Sorry, guys. I did not intend to start a firestorm with regards to using the term "Authorized Version". That was what it was called back when it was published back in 1611. I am thinking about getting a copy of the ESV soon. However, I have some misgivings about it. For example, Acts 8:37 is footnoted instead of being included in the text. There may be some other verses that are like this. Can anyone explain why this is the case (as is the case in some of the other modern versions)?


----------



## WrittenFromUtopia (Feb 27, 2005)

> For example, Acts 8:37 is footnoted instead of being included in the text. There may be some other verses that are like this. Can anyone explain why this is the case (as is the case in some of the other modern versions)?



That verse, like the others, are not contained in the earliest extant manuscripts of the New Testament in greek.


----------



## heartoflesh (Feb 27, 2005)

> _Originally posted by WrittenFromUtopia_
> 
> 
> > For example, Acts 8:37 is footnoted instead of being included in the text. There may be some other verses that are like this.
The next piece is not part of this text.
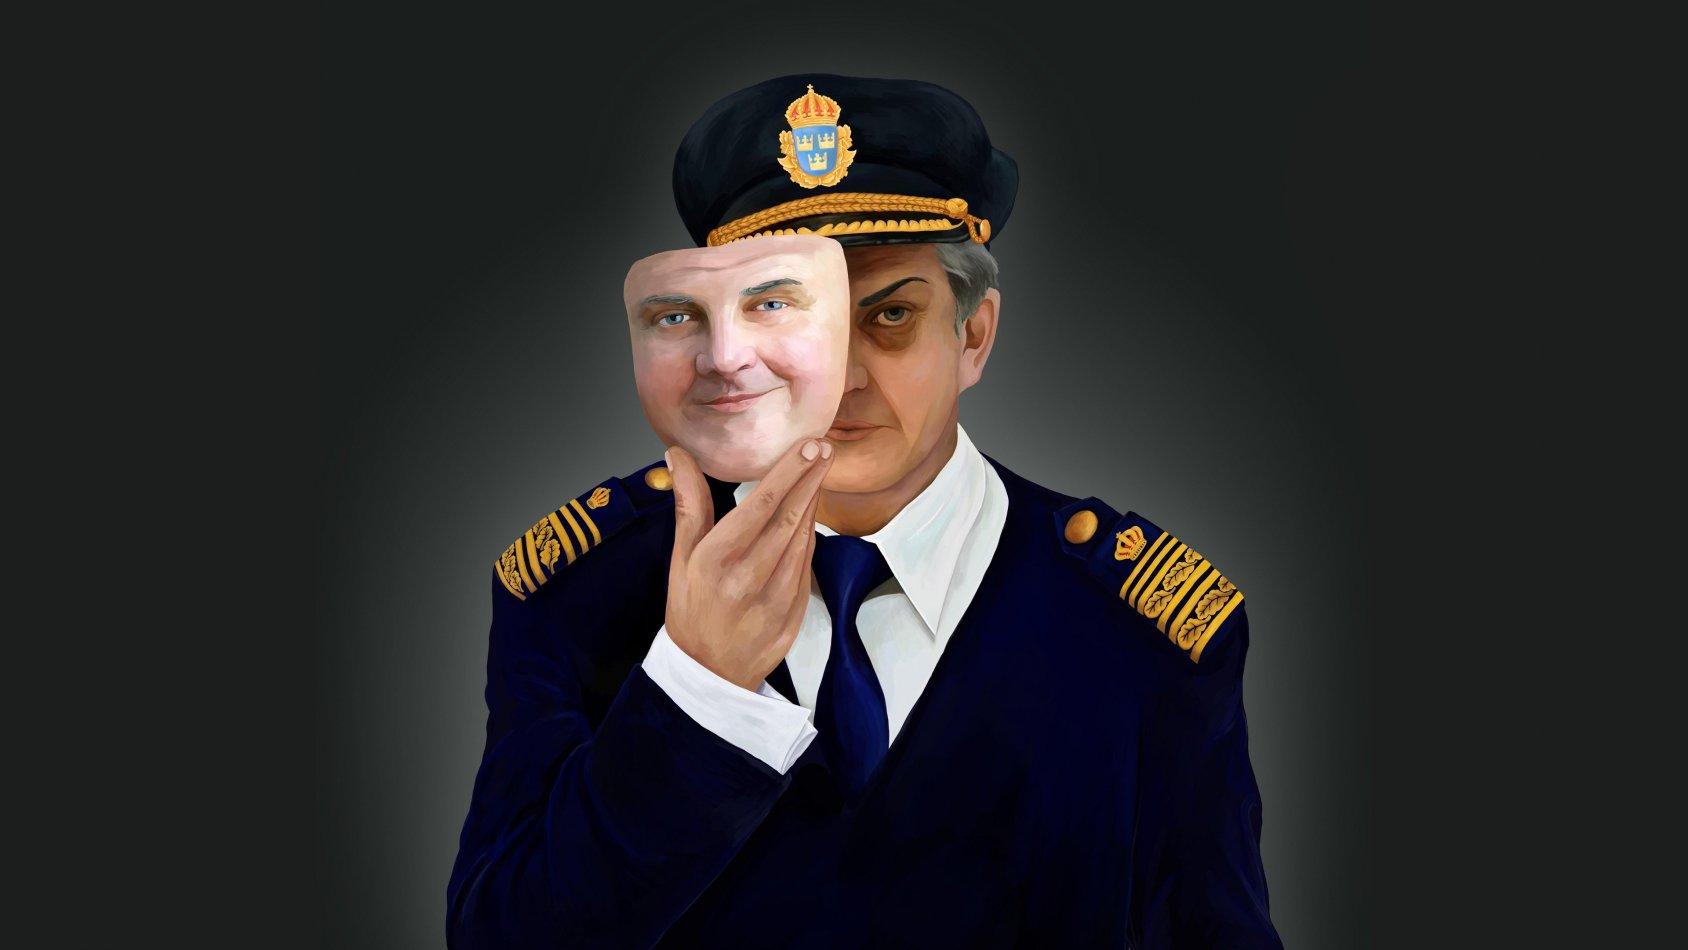 Kapten Klänning - polischef och våldtäktsman

Can anyone explain why this is the case (as is the case in some of the other modern versions)?
> ...



And from what I understand, those manuscripts are hardly even in agreement with each other in many places.

Even so, I have come to accept that I will never be qualified _myself_ to make textual evaluations. And is there anyone on this board who _is_ qualified to do so? It seems we have to either believe what so and so says, or we have to believe what so and so says, and back and forth it goes. I guess, given the choice, I choose what is closer to the majority text--NKJV.

If it was good enough for Spurgeon, it's good enough for me!

Just kidding, kind of.

Rick


----------



## bond-servant (Feb 28, 2005)

> _Originally posted by Rick Larson_
> 
> 
> > _Originally posted by WrittenFromUtopia_
> ...



Rick, you bring up an excellent point. I have studied theories about the underlying manuscripts for several years and have looked at both common arguments for or against the MT and not as common ones. 
At this point, I can relate to Solomon's statement "For in much wisdom is much grief: and he that increaseth knowledge increaseth sorrow. " Ecc 1:18
What I know now is that I know enough to argue a debate for either side. I lean toward favoring the MT. 
Both the NKJV andESV are great modern translations.


----------